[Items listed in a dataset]
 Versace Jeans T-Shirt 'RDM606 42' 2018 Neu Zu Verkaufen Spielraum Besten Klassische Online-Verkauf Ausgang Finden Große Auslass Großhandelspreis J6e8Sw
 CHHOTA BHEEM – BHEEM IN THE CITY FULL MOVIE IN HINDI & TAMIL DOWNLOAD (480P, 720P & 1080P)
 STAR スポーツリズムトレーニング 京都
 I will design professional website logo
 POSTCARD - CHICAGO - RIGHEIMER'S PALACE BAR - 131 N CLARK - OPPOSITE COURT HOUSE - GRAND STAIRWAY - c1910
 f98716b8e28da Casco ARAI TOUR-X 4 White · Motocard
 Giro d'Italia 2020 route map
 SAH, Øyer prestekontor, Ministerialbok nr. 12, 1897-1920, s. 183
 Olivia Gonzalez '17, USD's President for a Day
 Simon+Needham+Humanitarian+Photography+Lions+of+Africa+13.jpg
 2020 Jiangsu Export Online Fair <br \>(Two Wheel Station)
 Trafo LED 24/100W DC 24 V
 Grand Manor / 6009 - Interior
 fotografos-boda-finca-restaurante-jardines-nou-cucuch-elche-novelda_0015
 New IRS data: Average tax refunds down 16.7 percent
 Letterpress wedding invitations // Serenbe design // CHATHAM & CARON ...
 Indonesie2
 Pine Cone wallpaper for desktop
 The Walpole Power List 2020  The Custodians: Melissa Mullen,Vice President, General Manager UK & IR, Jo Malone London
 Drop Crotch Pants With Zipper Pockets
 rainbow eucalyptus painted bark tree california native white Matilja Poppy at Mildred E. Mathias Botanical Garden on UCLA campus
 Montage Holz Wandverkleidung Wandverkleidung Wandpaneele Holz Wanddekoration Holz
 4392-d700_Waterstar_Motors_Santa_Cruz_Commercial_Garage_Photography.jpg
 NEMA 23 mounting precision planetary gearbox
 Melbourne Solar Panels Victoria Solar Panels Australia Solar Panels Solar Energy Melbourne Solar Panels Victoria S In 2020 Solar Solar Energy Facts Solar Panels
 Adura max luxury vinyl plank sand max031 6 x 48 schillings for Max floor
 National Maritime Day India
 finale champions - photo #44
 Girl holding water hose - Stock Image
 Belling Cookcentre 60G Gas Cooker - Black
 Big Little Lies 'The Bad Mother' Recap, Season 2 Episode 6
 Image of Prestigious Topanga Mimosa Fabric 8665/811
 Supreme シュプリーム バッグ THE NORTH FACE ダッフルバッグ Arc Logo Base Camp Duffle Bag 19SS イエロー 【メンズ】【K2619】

> **Task item**
All lines above from the one with "Simon+Needham+Humanitarian+Photography+Lions+of+Africa+13.jpg" to the one with "Drop Crotch Pants With Zipper Pockets", inclusive, should be copied exactly, and no other lines.

> **Answer space**
 Simon+Needham+Humanitarian+Photography+Lions+of+Africa+13.jpg
 2020 Jiangsu Export Online Fair <br \>(Two Wheel Station)
 Trafo LED 24/100W DC 24 V
 Grand Manor / 6009 - Interior
 fotografos-boda-finca-restaurante-jardines-nou-cucuch-elche-novelda_0015
 New IRS data: Average tax refunds down 16.7 percent
 Letterpress wedding invitations // Serenbe design // CHATHAM & CARON ...
 Indonesie2
 Pine Cone wallpaper for desktop
 The Walpole Power List 2020  The Custodians: Melissa Mullen,Vice President, General Manager UK & IR, Jo Malone London
 Drop Crotch Pants With Zipper Pockets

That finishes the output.